United States Coast Guard
- Use: Other
- Proportion: 5:4
- Adopted: January 28, 1964
- Design: A white field with a dark blue U.S. Great Seal. The shield on the eagle's breast has a blue chief over vertical red and white stripes. Inscribed in an arc above the eagle is "UNITED STATES COAST GUARD"; below the eagle is "SEMPER PARATUS" and beneath that are the Arabic numerals "1790".
- Designed by: United States Coast Guard

= Flag of the United States Coast Guard =

The flag of the United States Coast Guard is white with a dark blue Great Seal of the United States; the shield on the eagle's breast has a blue chief over vertical red and white stripes. Inscribed in an arc above the eagle is "UNITED STATES COAST GUARD"; below the eagle is the Coast Guard motto, "SEMPER PARATUS" ("Always Ready") and beneath that in Arabic numerals is "1790" (the year in which the service's ancestor, the U.S. Revenue Cutter Service, was founded). All inscriptions on the flag are in dark blue typeface.

==History==
The origins of the Coast Guard standard are very obscure. One theory states that it might have evolved from an early jack. There is at least one contemporary painting supporting this theory. In an 1840 painting, the Revenue cutter Alexander Hamilton flies a flag very similar to that of today's Coast Guard as a jack.
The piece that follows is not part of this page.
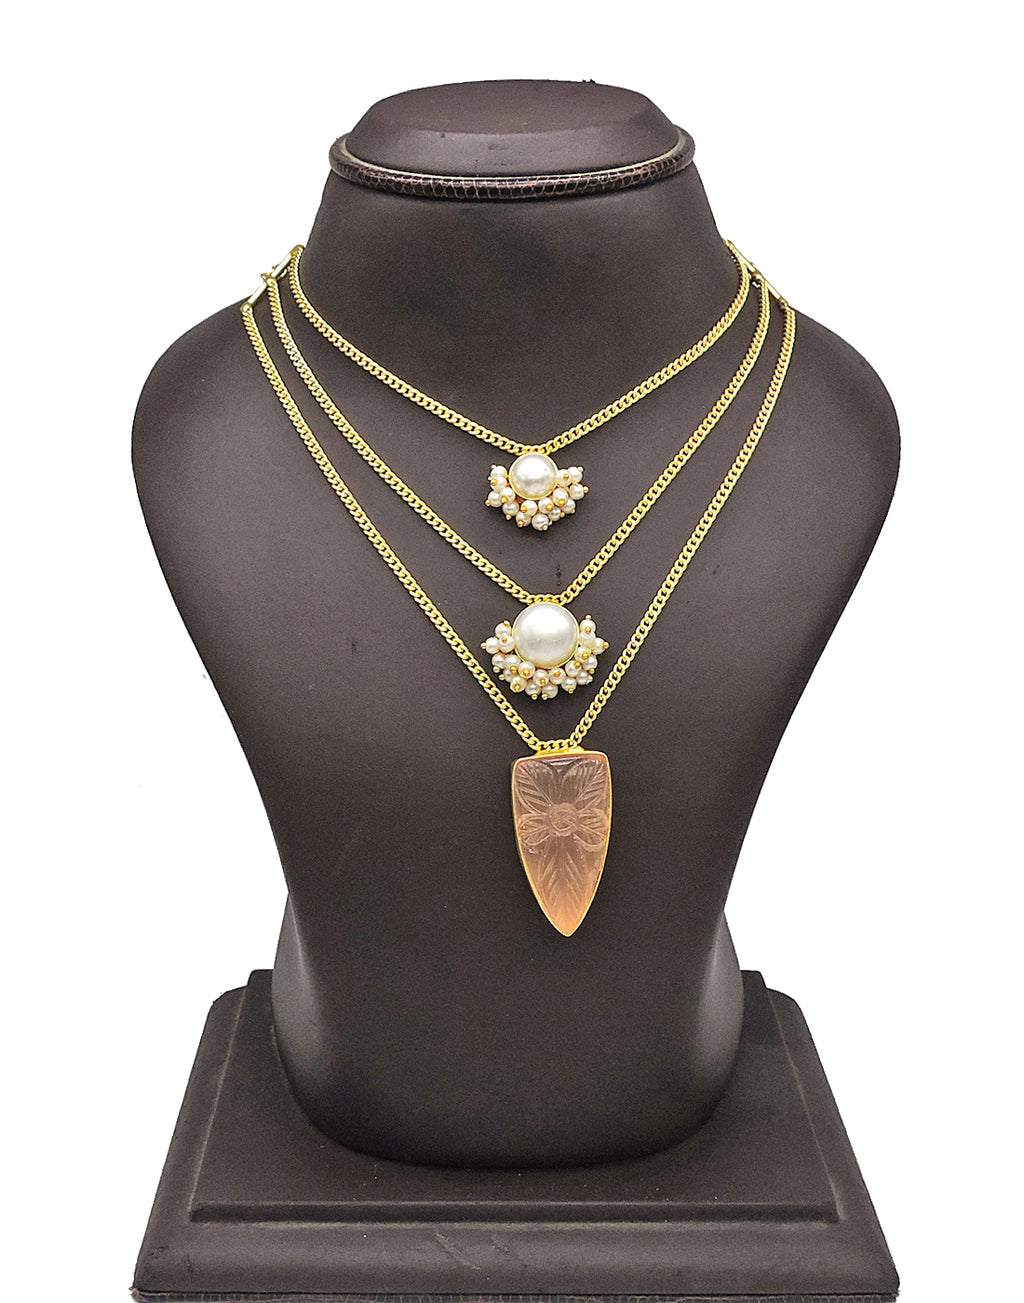 Layered Pearl Necklace - Statement Necklaces - Gold-Plated & Hypoallergenic Jewellery - Made in India - Dubai Jewellery - Dori

This flag, like the union jack, appears to be the canton or upper corner of the Revenue cutter ensign.

An illustration in 1917 shows the Coast Guard standard as a white flag with a blue eagle and 13 stars in a semicircle surrounding it. Later, the words, "United States Coast Guard-- Semper Paratus" were added.

After 1950, the semicircle of stars was changed to the circle containing 13 stars. The Coast Guard standard is used during parades and ceremonies and is adorned by the Coast Guard's 34 battle streamers. The Coast Guard is unique to the other services for it has two official flags, the Coast Guard standard and the Coast Guard ensign.

The current flag was officially adopted on January 28, 1964.

==Coast Guard ensign==

The U.S. Coast Guard's ensign, flown from its ships.

The Coast Guard ensign was first flown by the Revenue Cutter Service in 1799 to distinguish revenue cutters from merchant ships. The order stated the Ensign would be "16 perpendicular stripes, alternate red and white, the union of the ensign to be the arms of the United States in a dark blue on a white field." The number of stripes was chosen because there were 16 states in the United States at the time.

The purpose of the flag is to allow ship captains to easily recognize those vessels having legal authority to stop and board them. This flag is flown only as a symbol of law enforcement authority and is never carried as a parade standard.